От холодной воды у меня заболело горло. Мать Асмик принесла мне горячего чаю, но мне не нужен был их чай… Я готовился к экзаменам, какого дьявола они лезли ко мне.
Преподаватель литературы Мамиконян, сказали, собирается навестить меня, я оделся, запер свой шкаф на замок и ушёл из этого дома. Башни санатория «Арев» качались на ветру под воронье карканье, в снегу показался и пропал то ли большой апельсин, то ли яблоко, собачий лай был далёк, как воспоминание, но возле меня действительно крутилась какая-то собака, я вошёл в дом. Хоромы дяди Седрака были чистые и просторные, в тёплой кухне поднимался аромат горячего обеда, но его невестка была всегда сердита, я не помню, чтобы она когда-нибудь улыбнулась мне. На какой улице наше общежитие — на Школьной или же на Строителей? Господи…

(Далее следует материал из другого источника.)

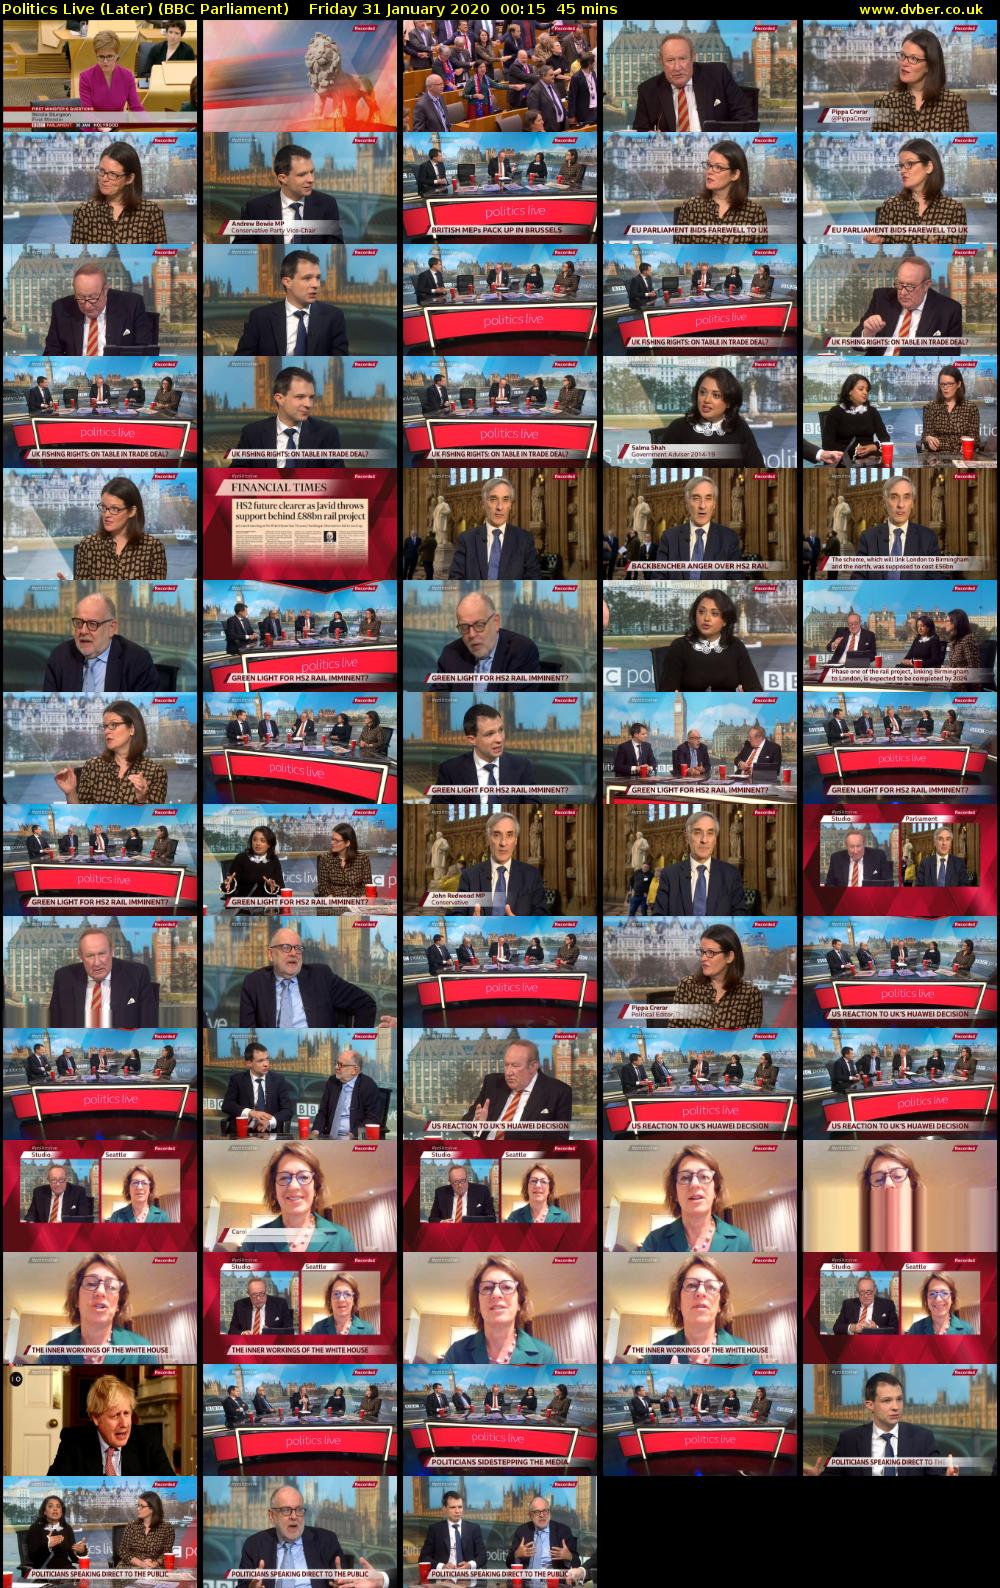 Politics Live (Later) (BBC Parliament) Friday 31 January 2020 00:15 - 01:00

Ночью хозяева взяли меня к себе. Отец Асмик приложил мокрую тряпку к моему лбу, а мать суетилась, разогревала обед. Отец Асмик, когда учился в Ереване, вот точно так же заболел однажды, его вылечила хозяйская дочка, а я вот нагрубил Асмик, как нехорошо, Асмик не дала бы мне заболеть, Асмик почти что врач готовый.
— Значит, ел солёную рыбу, запивал холодной водой? Что же ты так, а? Ну ничего, ничего… — Она силой разомкнула мне рот и влила туда обед. — Ты мне как мой ребёнок, сейчас побью тебя, ешь! — Она заставила меня проглотить слёзы, горячий обед, гнойные пробки, обиду.
Утром она ушла на дежурство, а я встал и смотался в свою комнату, лёг в свою постель.
— Я тебе чаю принесла. С лимоном.
— Никто не просил у тебя лимона.
— Хочешь без лимона?
— И без лимона никто не просит.
— Подумаешь!
— Уходи отсюда!
— Не уйду!
— Говорят тебе, убирайся!
Отец Асмик вернулся с работы.
— Эй, зять, эй, больной зять, не с кем выпить, слышишь, иди выпьем с тобой по стаканчику. — И чтобы я не стеснялся, чтобы я со спокойным сердцем сел с ними обедать, он взял из моего шкафа один хлеб.
Боже мой, этот путь из нашей комнаты на их половину и этот мой хлеб на их столе, и этот… Он медленно, не торопясь выпил водку, протянул руку, отломил край хлеба, понюхал его и стал есть. И подмигнул мне.
— Выпей. Сейчас тебе одну историю расскажу. Пей же. Очень хорошая пшеница и хлеб — очень хороший. В блокаду в Ленинграде рою, рою, рою снег и на что натыкаюсь, как ты думаешь? На порошок горчицы. Я развёл его в воде и выпил. Смог бы ты так сделать?
Его жена попробовала моего хлеба и сказала:
— Ослепнуть твоей матери… Да если бы у меня был сын…
— Помолчи, — сказал ей муж. — Не твоего ума дело, очень хороший хлеб.